Characteristics of pediatric liver transplant recipient cohort (n=70)

Gender
Female	43%
Male	57%
Age at Transplant
< 1 year	57%
1–2 years	21%
2–5 years	21%
Race
Caucasian	39%
African-American	4%
Asian	23%
Other/Unknown	34%
Ethnicity
Latino	31%
Diagnosis category*
Biliary atresia	46%
Metabolic disease	21%
Cholestatic conditions	13%
Acute liver failure	11%
Tumor	6%
Other	3%
Donor Type
Deceased-donor	69%
Living-related	31%
Organ transplant type
Whole liver	34%
Split liver (deceased donor)	34%
Partial liver (living-related)	31%
Ascites at transplant
Yes, on exam	33%
Yes, on imaging	1%
No	11%
Not recorded	17%
Unknown	37%
On diuretics at discharge from transplant admission
Yes	31%
No	66%

^*Metabolic liver disease includes alpha-1-antitrypsin deficiency, Crigler-Najjar syndrome, cystic fibrosis, glycogen storage disease, inborn errors in bile acid metabolism, neonatal hemochromatosis, primary hyperoxaluria, tyrosinemia, urea cycle defects, Wilson’s disease.

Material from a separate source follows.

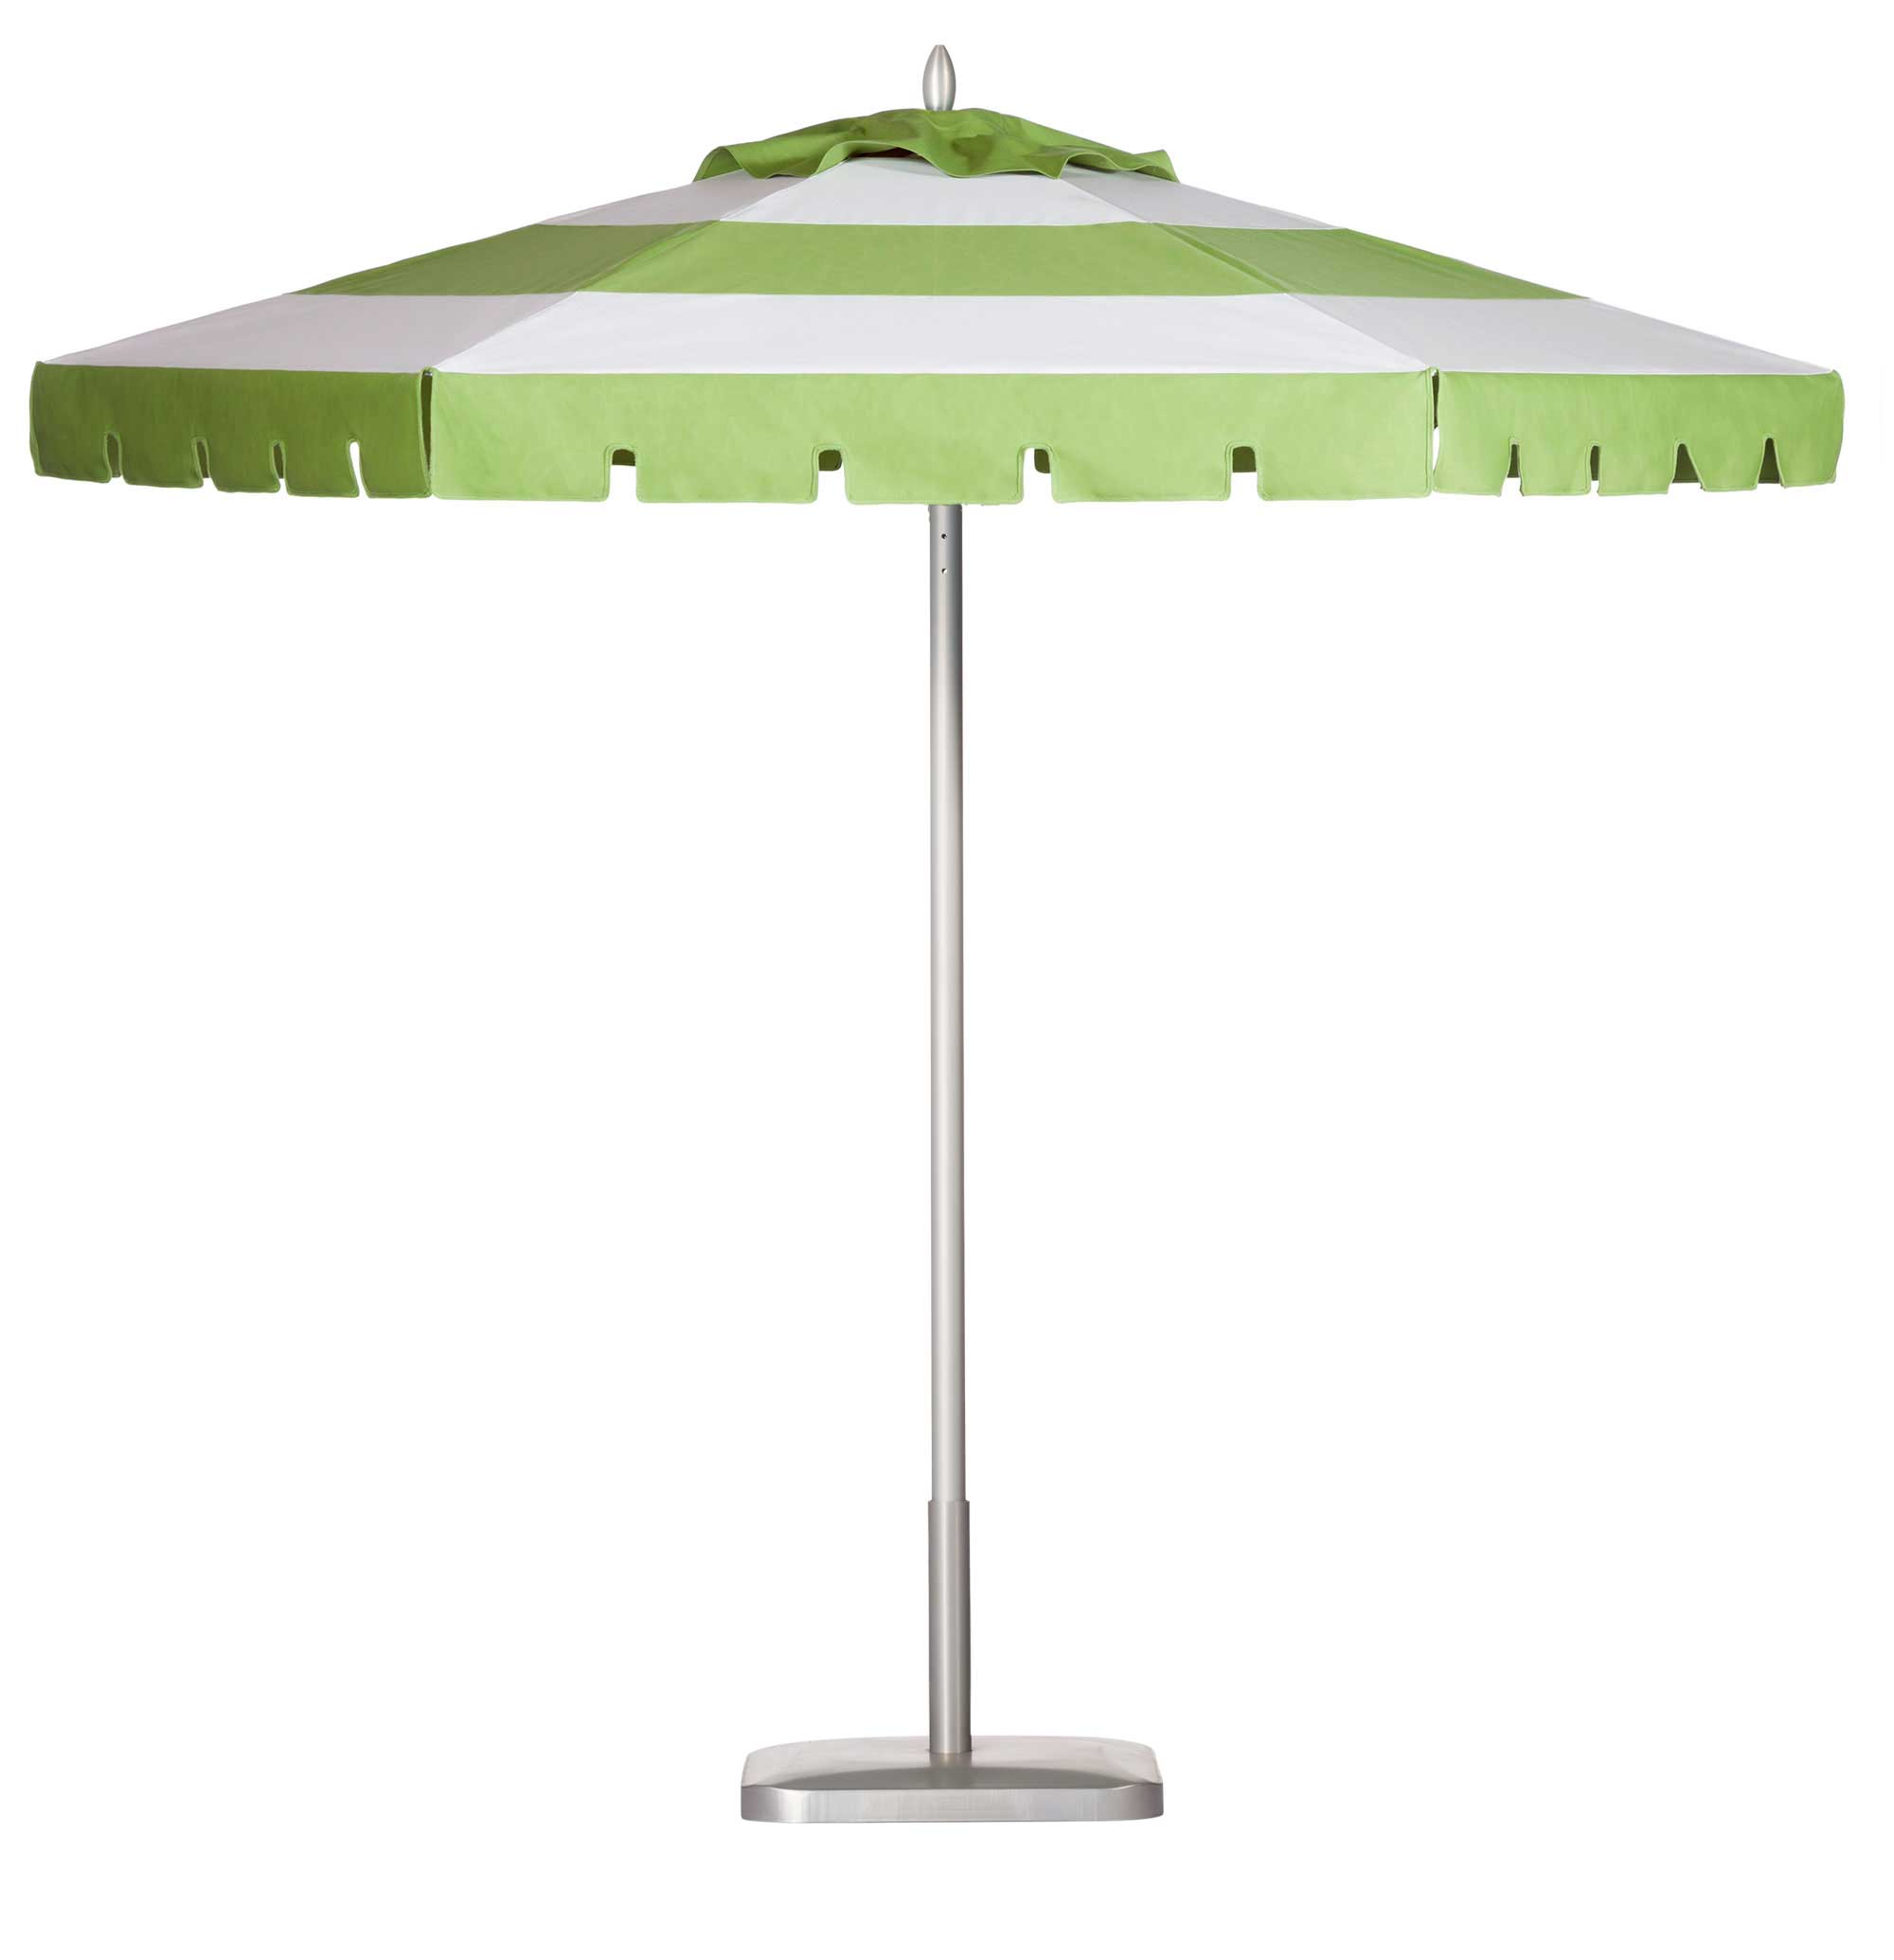 Kiwi Green / Whitecap Umbrella Image
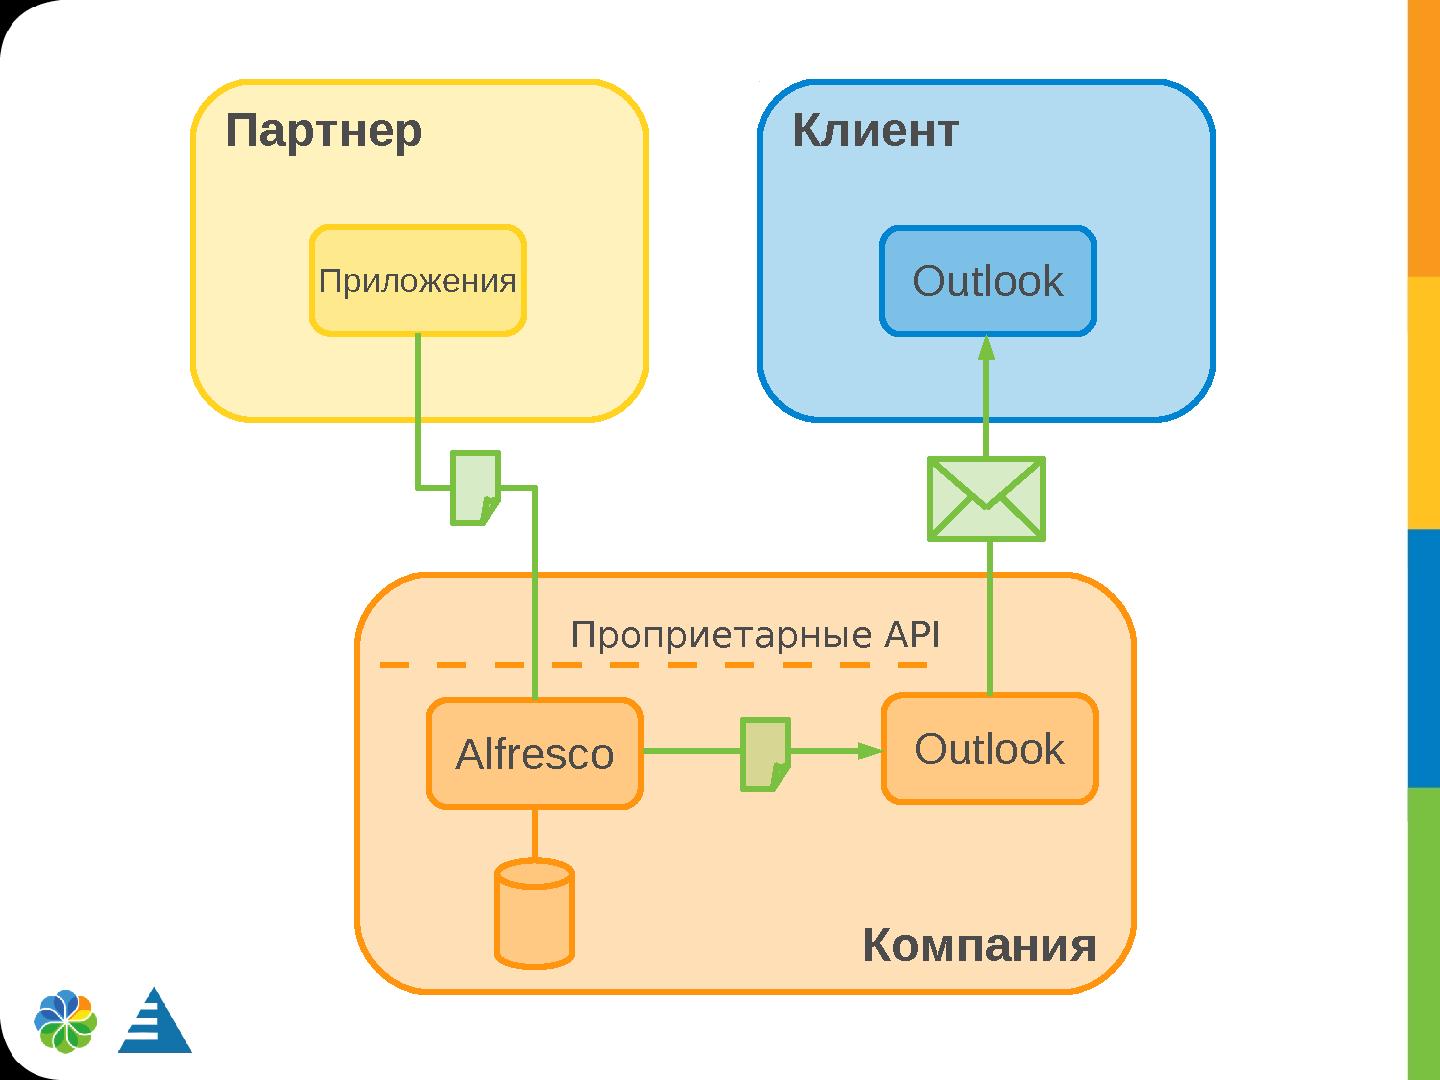 Файл:Применение открытых стандартов для построения гетерогенных систем (Алексей Ермаков, ROSS-2014).pdf

Cholestatic conditions include Alagille syndrome, Byler disease, progressive intrahepatic cholestatic syndromes, total parenteral nutrition cholestasis, sclerosing cholangitis, and idiopathic cholestasis. Other liver disease includes congenital hepatic fibrosis, Budd-Chiari syndrome, autoimmune hepatitis cirrhosis, drug toxicity, hepatitis C cirrhosis, and unknown cirrhosis.